Varn's grin had vanished. His face was grim, almost… haunted. "This is how they maintain control, Reo. They find the anomalies, the ones who don't fit their system. They either control them, or they 'remove' them." He pointed to another series of files, "Subjects Deactivated."
We heard a faint, high-pitched whine from down the corridor. Security drones. We had lingered too long.
"Time to go," Varn said, his voice flat. "We've got enough to chew on for now."
We scrambled back, the images from those files burned into my mind. I was Kael Serian, yes, but I was also "Kael Serian – Unauthorized Ascension Host." They called me a glitch, an error that bled. But what if I was just a symptom of a much deeper corruption? What if the real error was the entire system itself? And what if, just like a virus, I was something they couldn't just delete? My Ascension Protocol hummed, a low, persistent thrum, a promise of power and a growing hunger for answers.
Thoughts on the environment and Kael's feelings:
The Arena of Rebirth was a spectacle, pure theater. They wanted to project strength, control, a flawless system. But under the surface, it was just another layer of manipulation. My fight with Drax, the way I used his own flames against him, and then subtly introduced those glitches into his perfect form – that was a direct challenge to their illusion. It proved that their "perfect system" wasn't so perfect when faced with an actual anomaly, someone who could literally rewrite the rules. It made me a target, sure, but it also got me noticed in a way that made me feel like less of a helpless experiment and more like a true threat.

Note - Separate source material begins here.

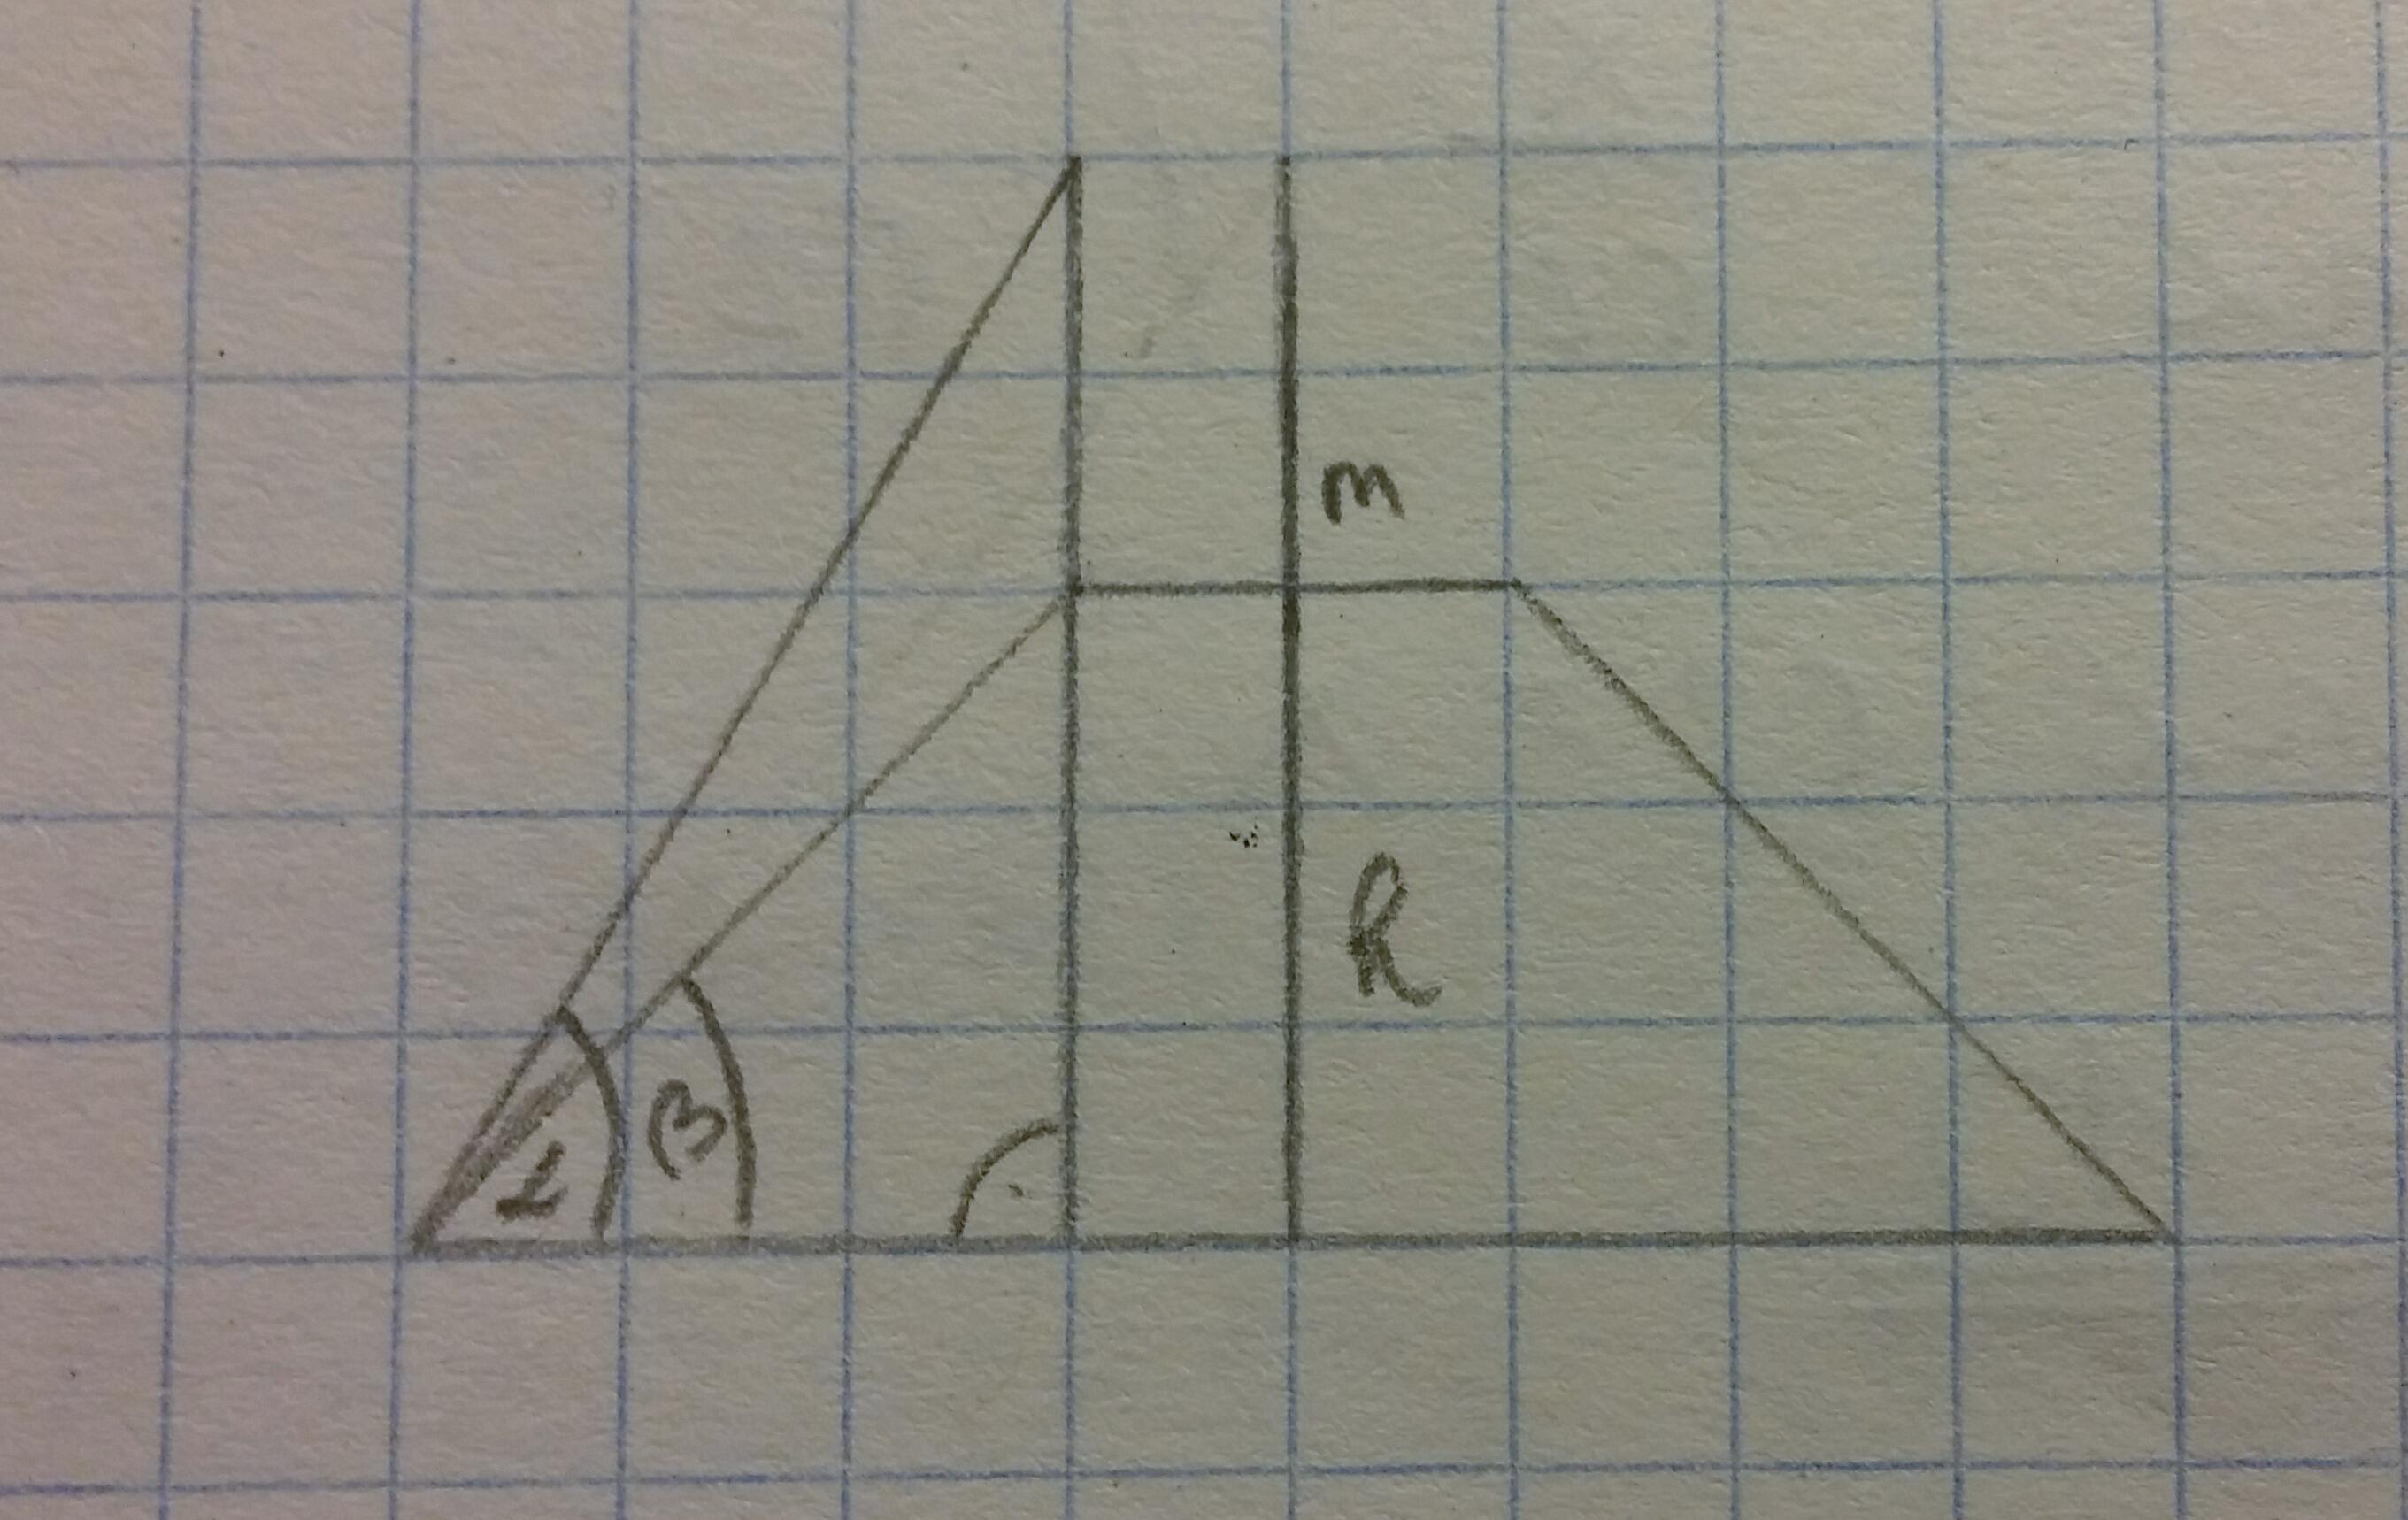 berechnung der h he eines trapez trigonometrie aufgabe. Black Bedroom Furniture Sets. Home Design Ideas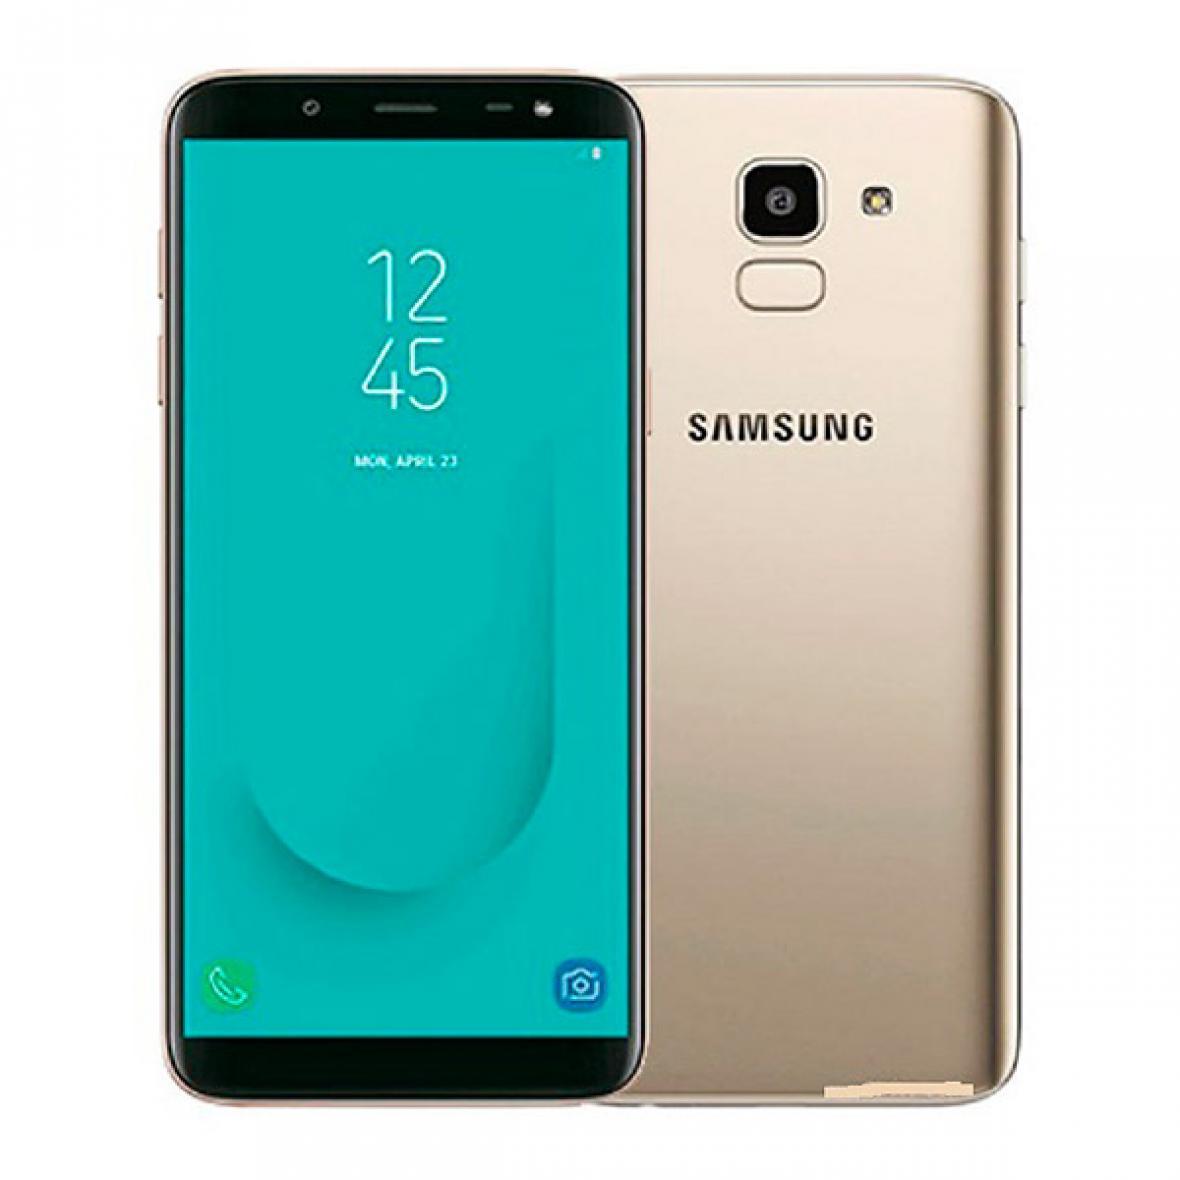 Gama media: esta gama de celulares va desde los $400.000 hasta los $900.000. Aquí se encuentran ofertados dispositivos que combinan grandes pantallas con buenas cámaras y un óptimo rendimiento a un precio al que pueden acceder muchos usuarios. En la imagen el Samsung Galaxy J6.

Being in Omega Class, surrounded by Varn and Reo, actually felt… almost good. It was a weird kind of belonging. We were all outcasts, but we were outcasts with secrets, and maybe, just maybe, some actual power. Varn was a wildcard, totally unpredictable, but seeing him in action, manipulating security systems like they were toys, showed me just how deep his "glitch" ran. He wasn't just powerful; he was smart. And Reo, hotheaded as he was, was a loyal, solid presence. We were forming a crew, a tiny pocket of defiance within this rigid system.
The sneak mission into Project Chimera, though, that was the real kicker. Finding my name on that old list, knowing they'd been tracking me, waiting for me, before I even knew this world existed… that was terrifying. It wasn't about me "connecting" to the Protocol accidentally. It was about me being chosen. Or, worse, designed. For what? A deeper purpose? Or just to be another resource to be exploited, then discarded? The Academy wasn't just a school; it was a data farm, a breeding ground for something far more sinister. The whispers of "Glitchborn" and "Protocol Zero" were no longer just abstract concepts; they were part of my history, my fate.
My Ascension Protocol felt different after that. It wasn't just a source of power; it felt like a key, a direct link to the very code of this world. And the thought that I could potentially rewrite that code, not just in small ways but in fundamental ones, was both exhilarating and terrifying. Eldrin Voss, the main antagonist for Season 1, was described as someone who could "erase existence" from the system. If I could rewrite, could I also prevent erasure? Or even… undo it? The possibilities were endless, and deeply unsettling. This wasn't just a tournament anymore. This was a war for reality itself, and I, the "error," was somehow at its center.